SEEG-Einsatz Togo, 2016: Lassafieber-Diagnostik
  • Im Mai 2018 erklärte die Regierung der Demokratischen Republik Kongo einen Ausbruch von Ebolafieber. Die WHO schätzt das Risiko einer Ausbreitung als hoch für die Region ein, weshalb vorsorglich alle Nachbarländer in Alarmbereitschaft versetzt wurden. Die Republik Kongo grenzt unmittelbar an das Ausbruchsgebiet an. Deshalb unterstützte ein SEEG-Einsatzteam das nationale Labor für öffentliche Gesundheit in Brazzaville dabei, die Diagnostik für Ebolafieber aufzubauen und die Mitarbeiter in der sicheren Bearbeitung von Ebola-Proben zu schulen und sich so auf eine mögliche Ausbreitung des Ausbruchs vorzubereiten.
  • In Peru baute die SEEG im Mai 2018 die Arbovirendiagnostik (mit besonderer Berücksichtigung von Zikafieber) am staatlichen Labor in Iquitos auf, das eine tragende Rolle bei der Detektion von Zikafieber für den ganzen Bundesstaat Loreto spielt. Die nun etablierte Diagnostik trägt wesentlich zur Mutter-Kind-Gesundheit in der Region bei.

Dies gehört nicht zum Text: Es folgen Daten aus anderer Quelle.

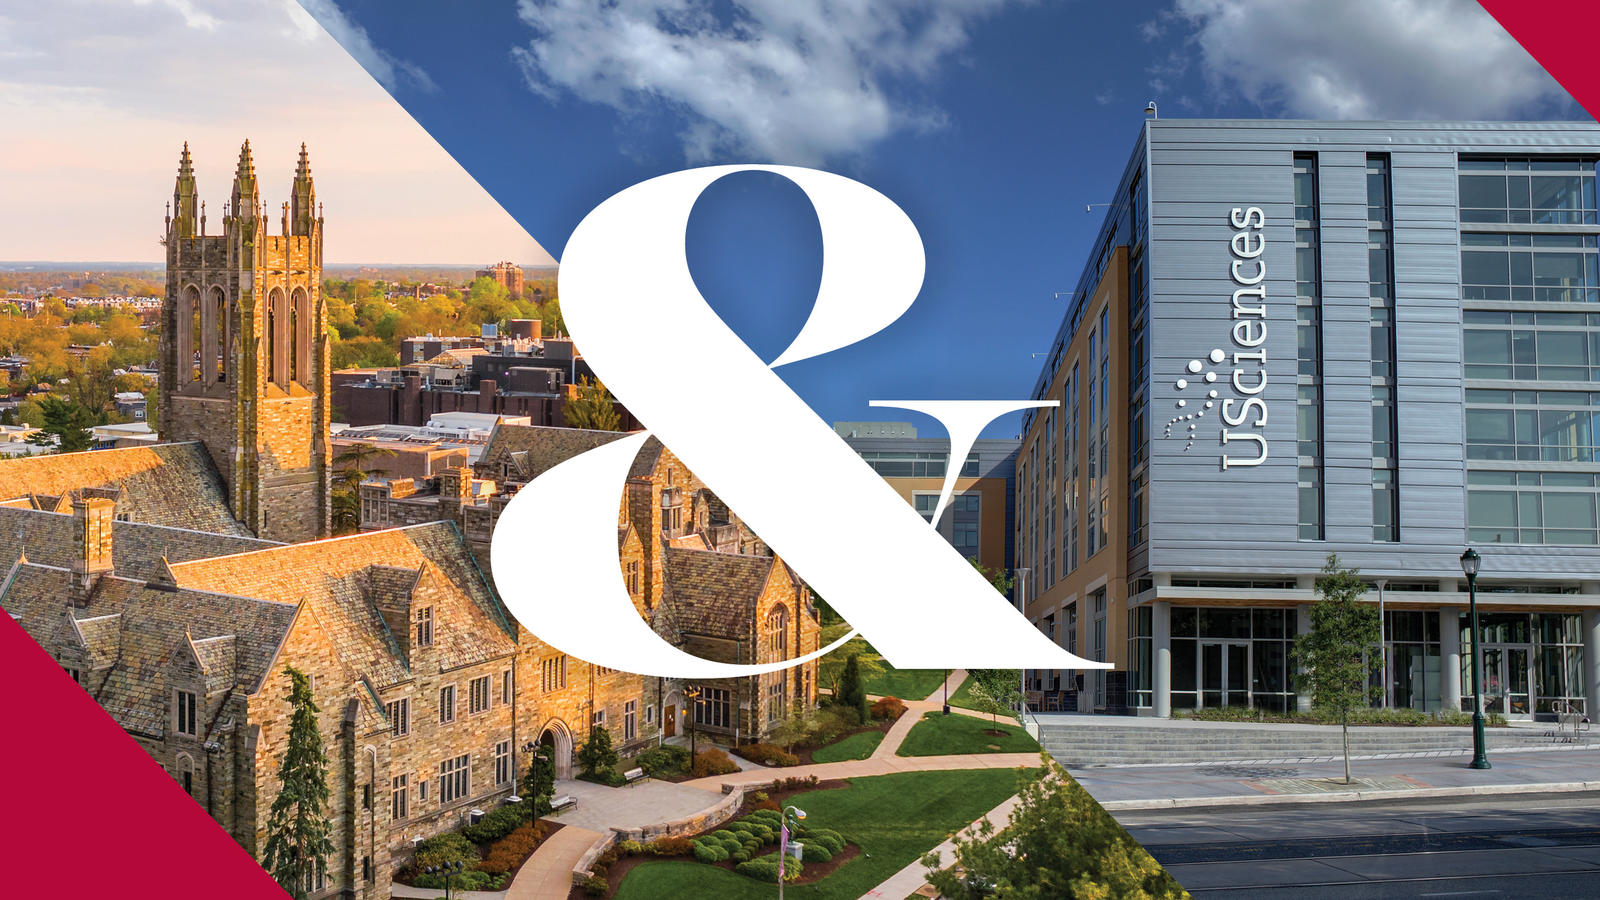 Saint Joseph's and University of the Sciences' campuses connected with an ampersand

  • Ein Team der SEEG war im Februar 2018 in Colombo, Sri Lanka, im Einsatz. Der Grund: Sri Lanka erlebte im vergangenen Jahr den schwersten Ausbruch von Denguefieber seiner Geschichte. Eine schützende Impfung oder eine spezifische Therapie existieren bislang nicht. Die zeitnahe intensivmedizinische Überwachung und Behandlung kann jedoch Leben retten. Voraussetzung hierfür ist die rechtzeitige und sichere Erkennung einer Denguevirus-Infektion einschließlich der Serotypisierung. Ein SEEG-Einsatzteam schulte daher Mitarbeiterinnen und Mitarbeiter des Colombo North Teaching Hospital und der Universität Colombo, Denguefieber-Infektionen und die verschiedenen Serotypen mit Hilfe molekularer Methoden zu identifizieren.
  • 2018 wurden in Benin wieder (Verdachts-)Fälle von Lassafieber gemeldet. Das nationale Referenzlabor in Cotonou, das bereits 2017 durch die SEEG unterstützt wurde, bat deshalb die SEEG erneut um Hilfe. Da bei viralen hämorrhagischen Fiebern auch alle Kontaktpersonen von Erkrankten überprüft werden müssen, musste das verhältnismäßig kleine Laborteam von fünf Personen eine große Anzahl Proben testen, wobei es dringend Unterstützung benötigte. Deshalb reiste innerhalb weniger Tage ein SEEG-Einsatzteam nach Benin, um beim der sicheren Bearbeitung der Proben zu helfen und Testergebnisse zu validieren. Weiterhin wurde eine zusätzliche Nachweismethode im Labor eingeführt, um das Risiko zu minimieren, Proben als falsch negativ zu deklarieren.
  • Im Februar und März 2018 unterstützte die SEEG während des größten bisherigen Lassafieber-Ausbruchs in Nigeria. Das Einsatzteam schulte Labormitarbeiter/innen des Irrua Specialist Teaching Hospital (ISTH) sowie des Nigeria Centre for Disease Control (NCDC) in der Lassafieber-Diagnostik. Außerdem unterstützte das SEEG-Team bei der Bearbeitung von 1.500 Proben und leistete so einen wichtigen Beitrag zur Kontrolle des Lassafieber-Ausbruchs durch die nigerianischen Gesundheitsbehörden und -zentren. Der SEEG-Einsatz stellte die zuverlässige und schnelle Diagnose eines Großteils aller Lassafieber-Verdachtsfälle im Land sicher.
  • Im November 2017 unterstützte die SEEG Madagaskar dabei, den Ausbruch der hoch ansteckenden Lungenpest in den Griff zu bekommen und sich auf zukünftige Ausbrüche vorzubereiten. Im schwer zugänglichen Hochland bildete die SEEG Gesundheitsfachkräfte in der an lokale Rahmenbedingungen angepassten einfachen mikroskopischen Diagnostik des Pesterregers aus und sorgte für die nötige Ausstattung der lokalen Gesundheitseinrichtungen.